That actually sounds remarkably accessible. Considering how much of a donation you need to make for naming rights to a rural university professorship/library building, surely this would appeal to some freshly minted startup decamillionaire with a slight peterthielite anti-establishment bent?
Actually 15 racks if you’re using backblaze storage pods. Which now that I think about it, is about how many racks I saw in the various rooms of the church. [I just happened to be at IA headquarters last weekend.] The storage pods hardware itself would be another $1m, and then let’s assume other $0.5M for various things I’m not considering (network equipment, power transformers, etc.). Still just $5m for the base hardware to store that info.
Well buying 220pb of storage space is really not the problem nowadays, at least from a cost perspective. But you need to maintain all that stuff. What happens when a disk goes broke, what if a network switch goes broke, how do you update your software at scale and so on.
I think it would be best to put it on AWS S3 Glacier Deep Archive for about 2.5 million dollar per year.

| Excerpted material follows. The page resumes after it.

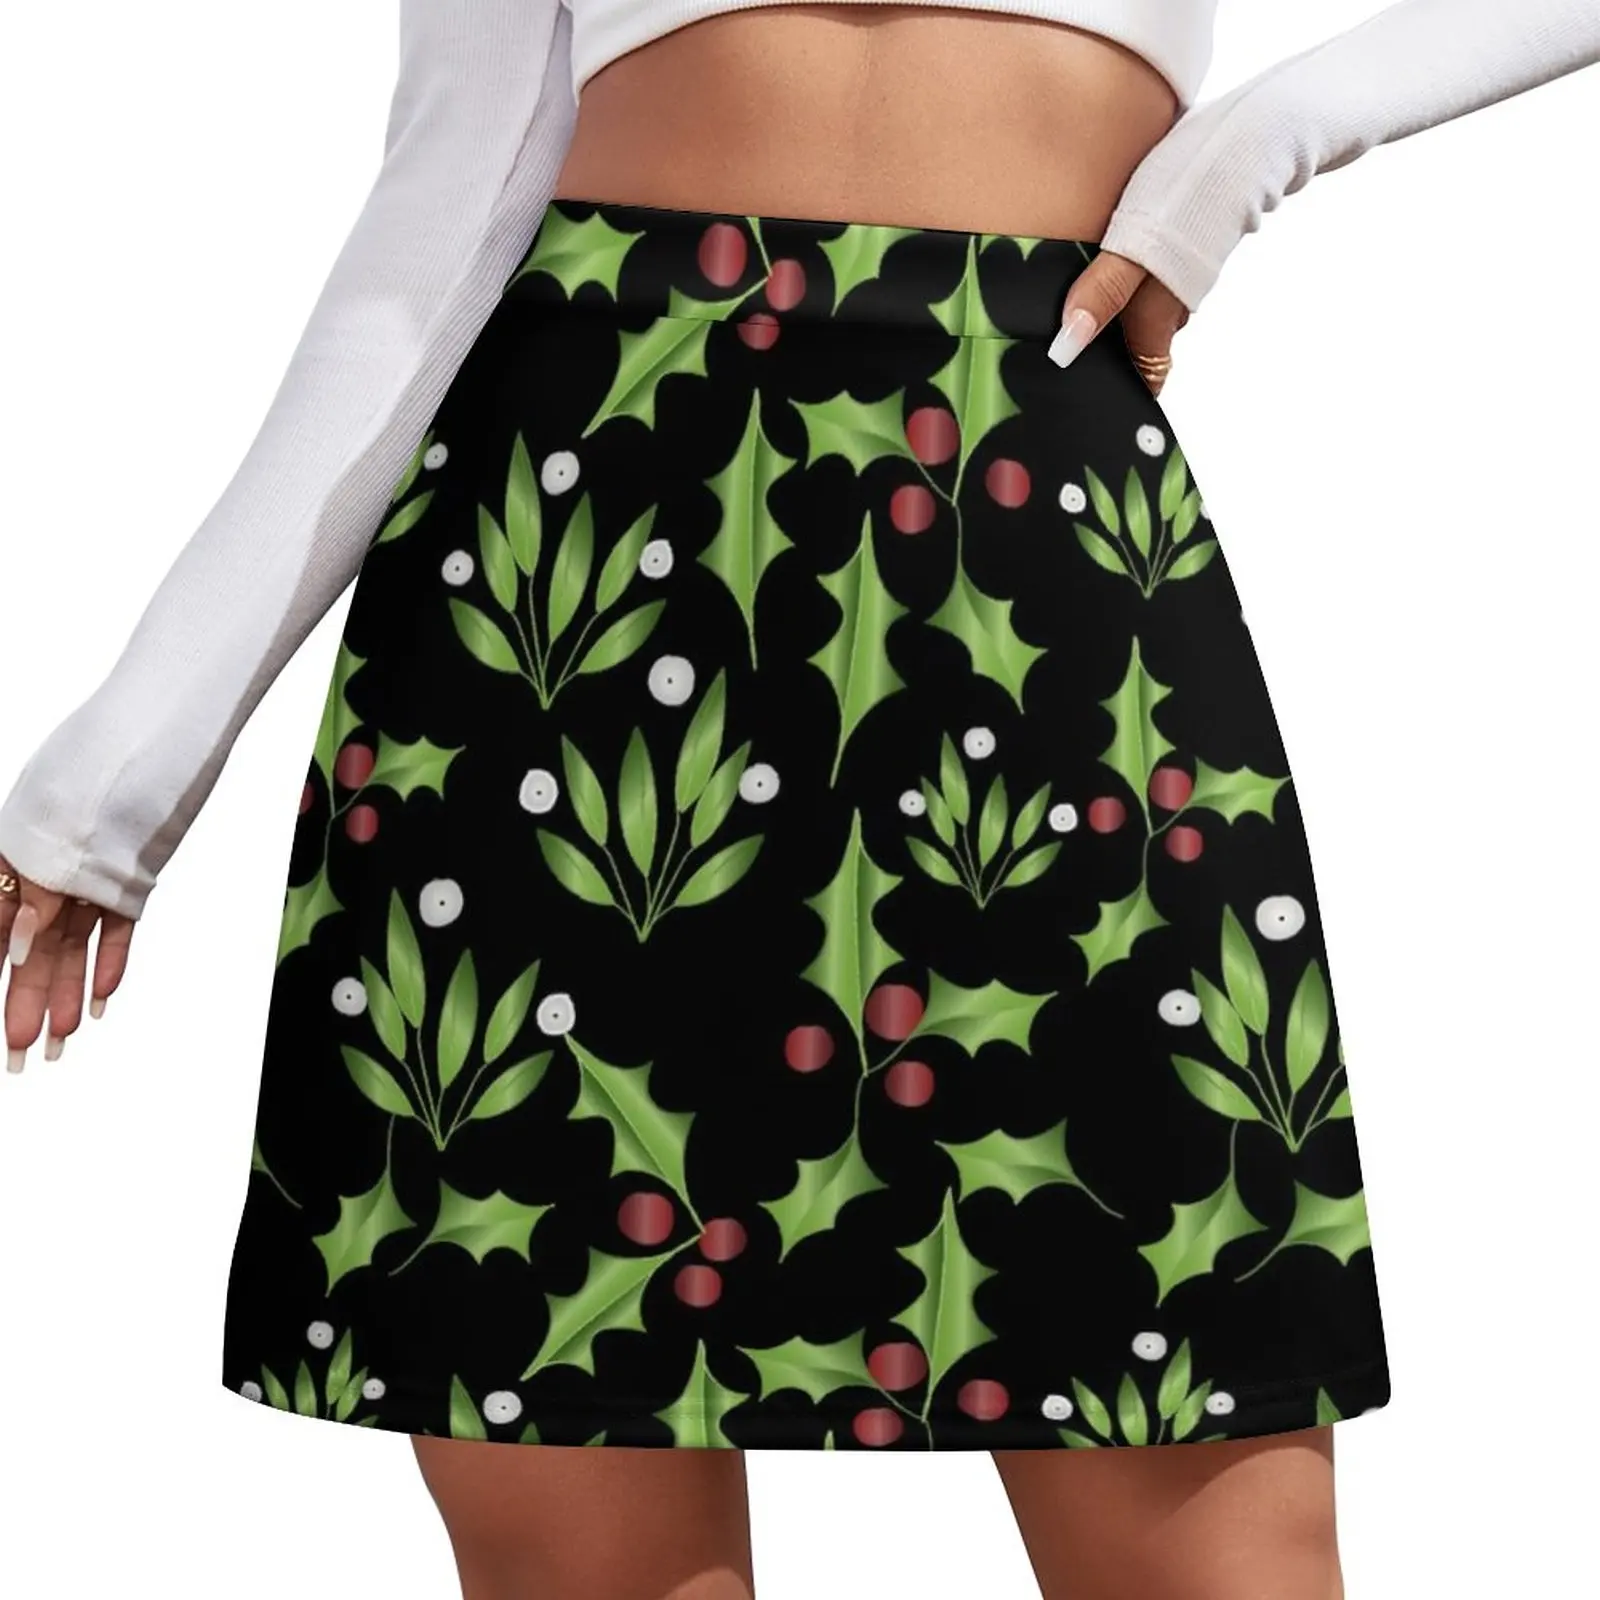 Mistletoe and Ilex Mini Skirt Short skirts Skirt for girls women's stylish skirts
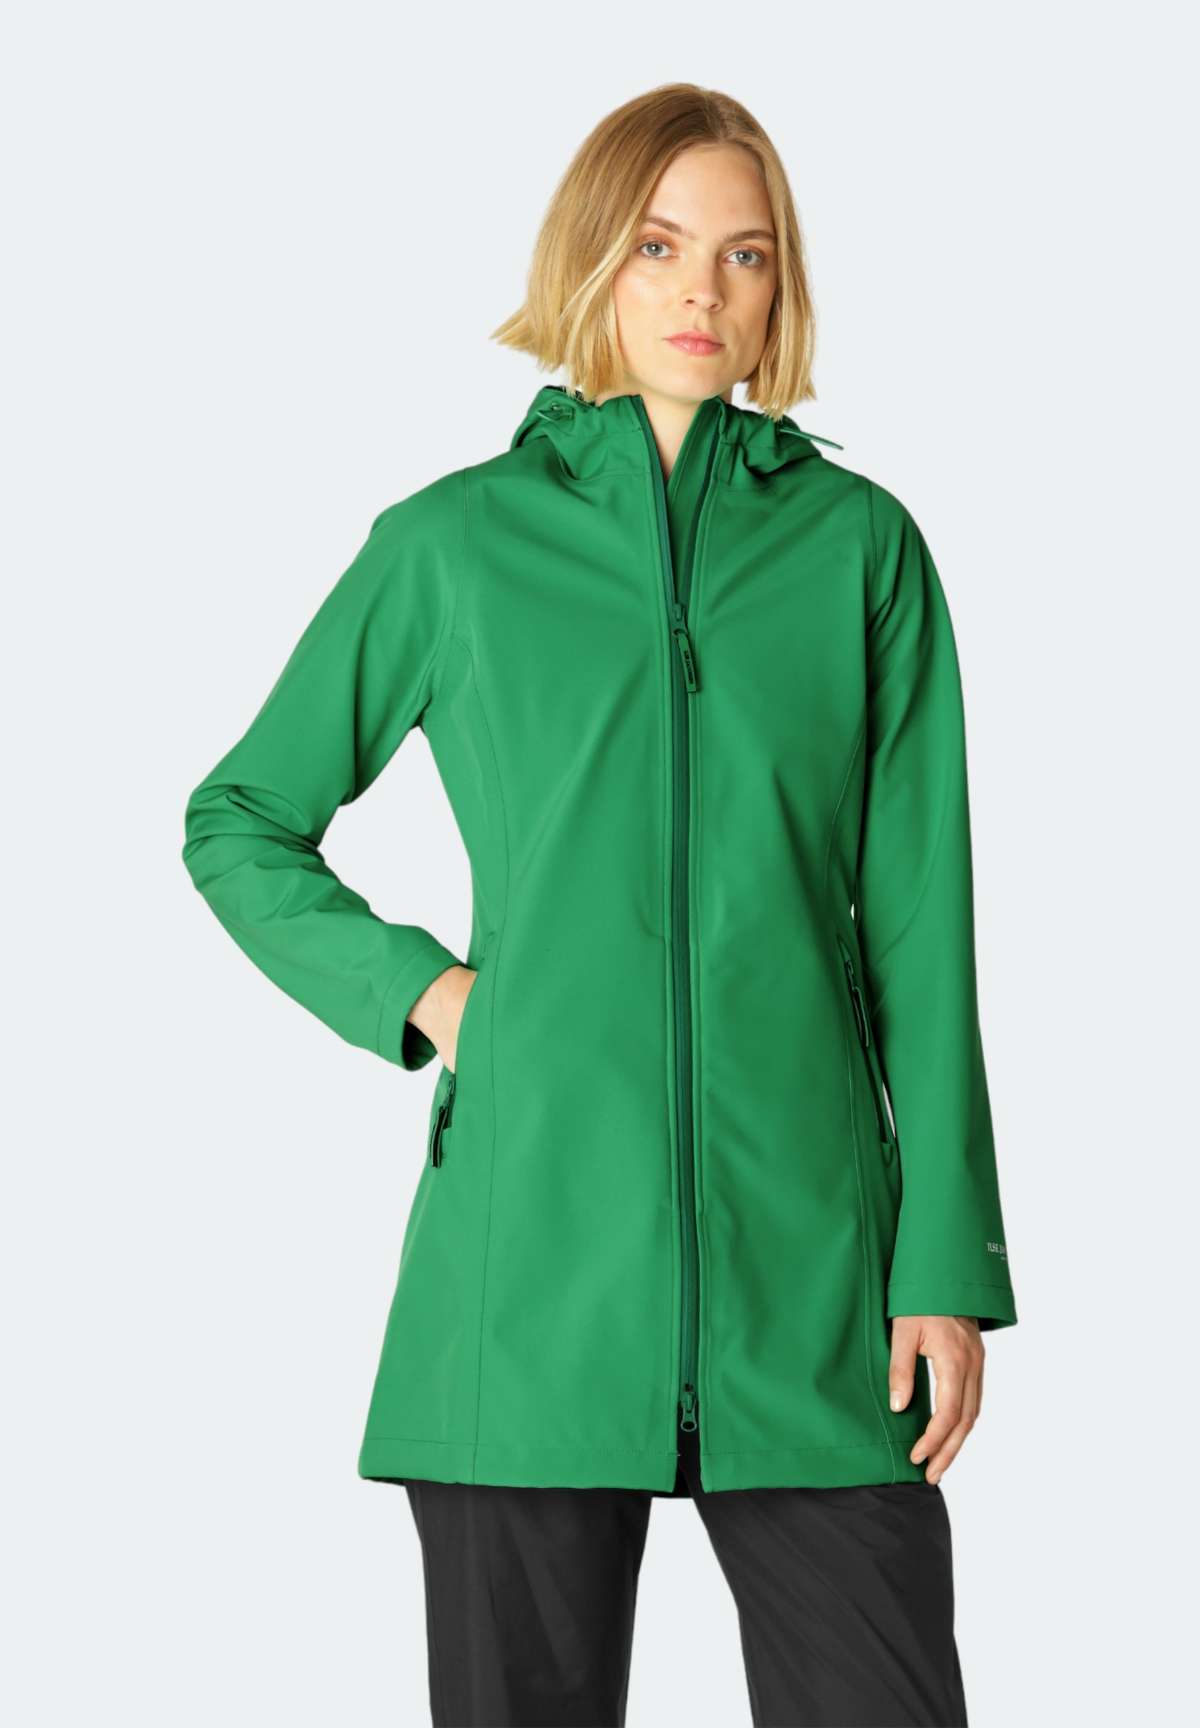 Куртка от дождя и грязи, современная всепогодная куртка из софтшелла, дышащая,...

I doubt that you can do it cheaper. To permantenly archive the whole internet is an ongoing task that basically requires a small company, thats why Internet Archive (169 employee) exist (which costs more than 2.5 million dollar per year). It is not done with buying a huge bunch of disk. Setting up a permanent stream to S3 would be the only solution I can think of a single human could handle.
Whenever you have that much data stored how do you actually know the data is still there and can be retrieved? Even if you have absolutely insane connectivity to it at some point don't you run out of time to check it? Apparent 200 PiB at 1 GiB per second would take about 58254 hours to retrieve.
Crawlers with jobs, building searchable indexes? Similar to youtube. Down at the source its blobs, but above it all floats a layers of tags, metrics and searchable text. That is what the searches run against and the preferences algo builds its lineup against?